Books, EBooks, Minneapolis, and Kale with Brown Rice (for Claudia).

November 13, 2012 by Exangel

It was sales conference time, with Consortium Book Sales and Distribution, the winter version at their Minneapolis headquarters, someplace I always love to visit. Killer airport, Minneapolis, the only one in the world where you can get brown rice and kale as an entree at an airport cafe. And I LIKE brown rice and kale. For breakfast, on my way home, I had a big plate of fruit with two slices of toast, organic peanut butter and little mounds of sunflower seeds and raisins on the side. This may sound like a small thing, but it almost makes me weep with gratitude and pleasure to get real food at a normal price inside of TSA security gates.

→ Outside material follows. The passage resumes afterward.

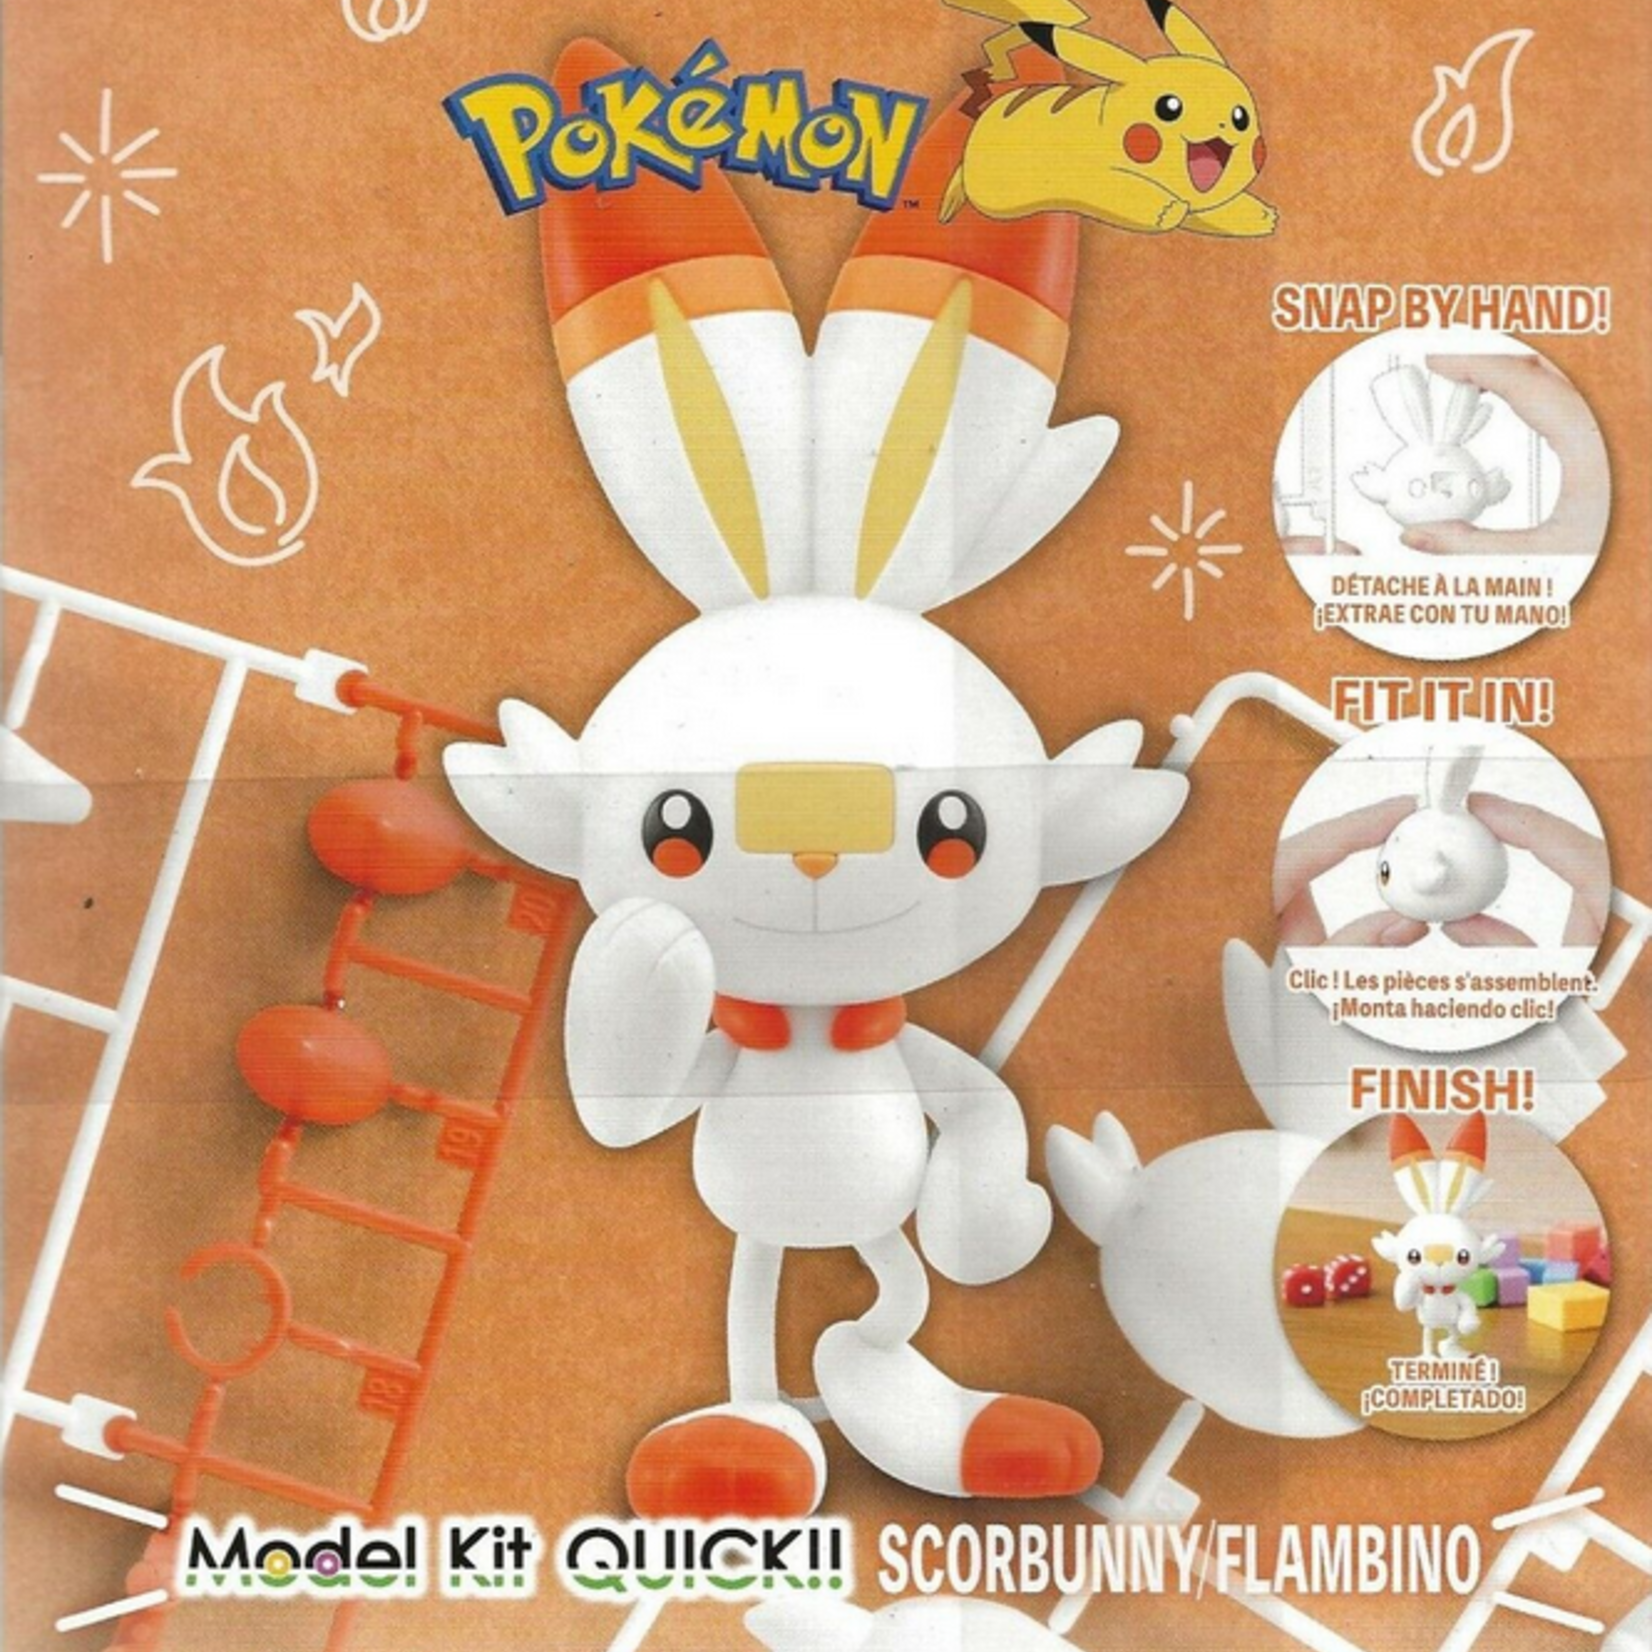 Bandai Bandai - Pokémon Model Kit QUICK!! #05 - Scorbunny/Flambino

Minneapolis 4ever, is what I say.

One of the things I like to do, going back and forth to both the fall/winter and spring/summer conferences, is check out what people are reading on the plane. This is always quite enlightening. Last year, flying back from MSP, every single person who was reading on the plane, with the sole exception of me, was reading on an electronic device of some kind. I, of course, was deep into not only an actual book, but a LIBRARY book. Some kind of Luddite nut, I could hear them all thinking around me.

But things have changed.

This year, I noticed the guy next to me was reading a book. An actual book. And when I looked across the aisle, the woman sitting there was reading a book, too. True, it was a book by Bill O’Reilly. But it was still a book.

Fascinated, I got up to walk to the back of the plane. I did a quick head count. And it was half and half. Half eDevices. Half books.

I sat back down, and thought about that, and about how at sales conference the dynamic Katie Khatib, of the anarchist AK Press, had put in a courteous and eloquent plea for us to talk at these things a little less about the future of the eBook, and a little more about the actual Book. The Book we all know and love.

Here’s the thing about Books. As objects, they are more than simple conveyers of information or pleasure. They have lives of their own. Holding them, you feel through to all the work that went into not just their writing and editing, but their design and manufacture, their sale, their passing from hand to hand. They are, I must repeat, alive in a way that the simple abstraction of their content is not. The difference here is analogous to the difference between homemade split pea soup, and Lipton Cup ‘O Soup. Both are soup. But one has a history and a living meaning that has been leached, for convenience’s sake, from the other.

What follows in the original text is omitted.